Edward Bennett Williams, Vincent J. Fuller, Robert L. Weinberg, Williams, Connolly & Califano, Washington, D. C., for appellant.

Before SEITZ, Chief Judge, and ALDISERT and ADAMS, Circuit Judges.

Before SEITZ, Chief Judge, and VAN DUSEN, ALDISERT, ADAMS, GIBBONS, ROSENN, HUNTER, WEIS and GARTH, Circuit Judges.

Reargued en banc November 15, 1973.

Argued March 20, 1973

Before SEITZ, Chief Judge, and ALDISERT and ADAMS, Circuit Judges.

Reargued en banc November 15, 1973

Before SEITZ, Chief Judge, and VAN DUSEN, ALDISERT, ADAMS, GIBBONS, ROSENN, HUNTER, WEIS and GARTH, Circuit Judges.

OPINION OF THE COURT

ADAMS, Circuit Judge.

Among the more perplexing dilemmas faced by a democractic society is that of securing its territorial and institutional integrity, while at the same time, preserving intact the core of liberties essential to its existence as an association of truly free individuals.

The disposition of this appeal, which requires us to consider the relationship between the federal government's need to accumulate information concerning activities within the United States of foreign powers and the people's right of privacy as embodied in statute and the Fourth Amendment, represents, in effect, part of the federal judiciary's attempt to strike a proper balance between these two compelling, albeit not easily reconciled, interests.

The present appeal is the most recent episode in this provocative and protracted litigation.1 At a trial concluded on December 2, 1964, appellant Igor A. Ivanov, a Soviet national, and John Butenko, an American by birth, were convicted of conspiring to violate the provisions of 18 U.S.C. § 794(a) and (c) and 18 U. S.C. § 951. These statutes, in essence, prohibit the transmission or communication to a foreign government of material or information relating to the national defense, and forbid a person from acting as a foreign agent absent prior notification to the Secretary of State. In a previous appeal, Ivanov and Butenko contended that the evidence offered by the government, which tended to implicate them in an attempt to purloin highly sensitive information concerning the Strategic Air Command, was insufficient to support the averments in the indictments and, hence, their convictions could not stand. This Court agreed with Ivanov's contention with respect to his conviction for violating § 951, but otherwise affirmed the judgment of the district court.2

Ivanov and Butenko then sought certiorari in the Supreme Court. While their petitions were pending, the government voluntarily revealed that it had overheard, by means of electronic surveillance, conversations of Ivanov and of Butenko.
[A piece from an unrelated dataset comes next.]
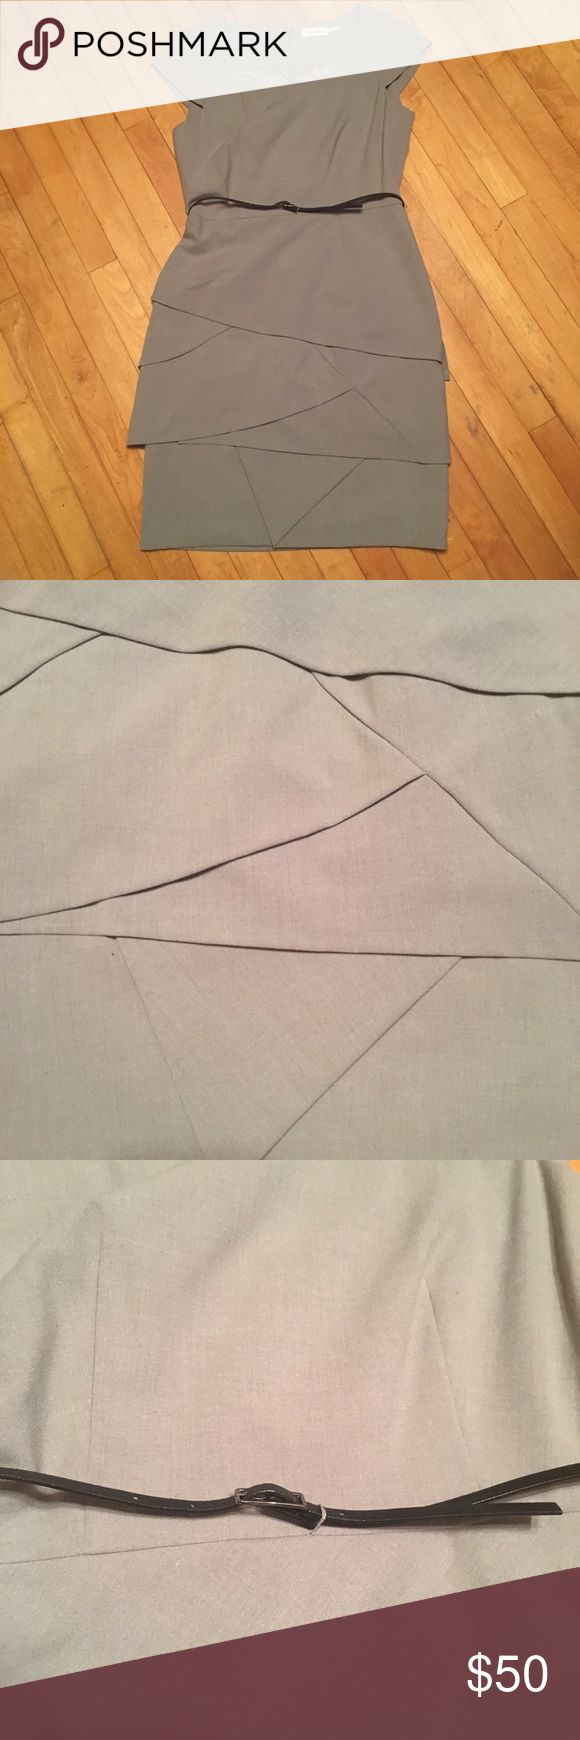 Beautiful artichoke skirt Calvin Klein dress Lovely grey dress with artichoke (asymmetrical tiered) hemline skirt and black skinny belt. Top is sleeveless. Size is 10. Little to no stretch. Calvin Klein Dresses Asymmetrical

The Supreme Court thereupon granted certiorari, limited to questions of standing and the government's obligation to disclose the records of wiretaps determined to be illegal. In addition, the Court consolidated appeals of Ivanov and Butenko with another case involving similar issues.3 After oral argument, the Supreme Court held that records of illegal surveillance must be disclosed to Ivanov and Butenko, and remanded the cases to the district court for

A hearing, findings, and conclusions (1) on the question of whether with respect to any petitioner there was electronic surveillance which violated his Fourth Amendment rights, and (2) if there was such surveillance with respect to any petitioner, on the nature and relevance to his conviction of any conversation which may have been overheard through that surveillance.4

On remand, the district court was presented with requests for disclosure of the records of two sets of interceptions. Pursuant to the Supreme Court's directive, the district court, after conducting a hearing, found that information contained in the first set of interceptions, conceded to be illegal by the government, had not tainted the convictions of Ivanov or Butenko.5 After examining the records of a second set of interceptions in camera, the district court held that the electronic surveillance producing these records did not violate § 605 nor contravene the Fourth Amendment.6 The district court, therefore, declined to order the government to disclose to Ivanov and his counsel the records of the second set of interceptions or to conduct further proceedings with respect thereto.7 Accordingly, the district court directed that new judgments of conviction be entered.

Ivanov challenged the new judgment of conviction as to him. He asserted that the loss or destruction of some of the records dealing with the first set of interceptions prevented the government from sustaining its burden of demonstrating that his conviction was not tainted by these interceptions and may have deprived him of exculpatory evidence. Additionally, Ivanov contended that the district court erred in failing to require disclosure to him and his counsel of the records of the second set of interceptions, which he claimed violated § 605 of the Communications Act of 1934, or, if the Court found them to be permissible under § 605, his Fourth Amendment rights.

A panel of this Court, in an opinion filed June 21, 1973, unanimously declined to reverse the district court's finding of no taint as to the first set of interceptions. However, the panel concluded, by a 2-1 vote, that the second set of interceptions fell within the parameters of § 605 and that, therefore, the divulgence of the contents of that set of taps, for the purpose of trial, was illegal. Consquently, the panel remanded to the district court for disclosure to Ivanov and his counsel of the records of the second set of interceptions and for an evidentiary hearing to determine whether they tainted his conviction.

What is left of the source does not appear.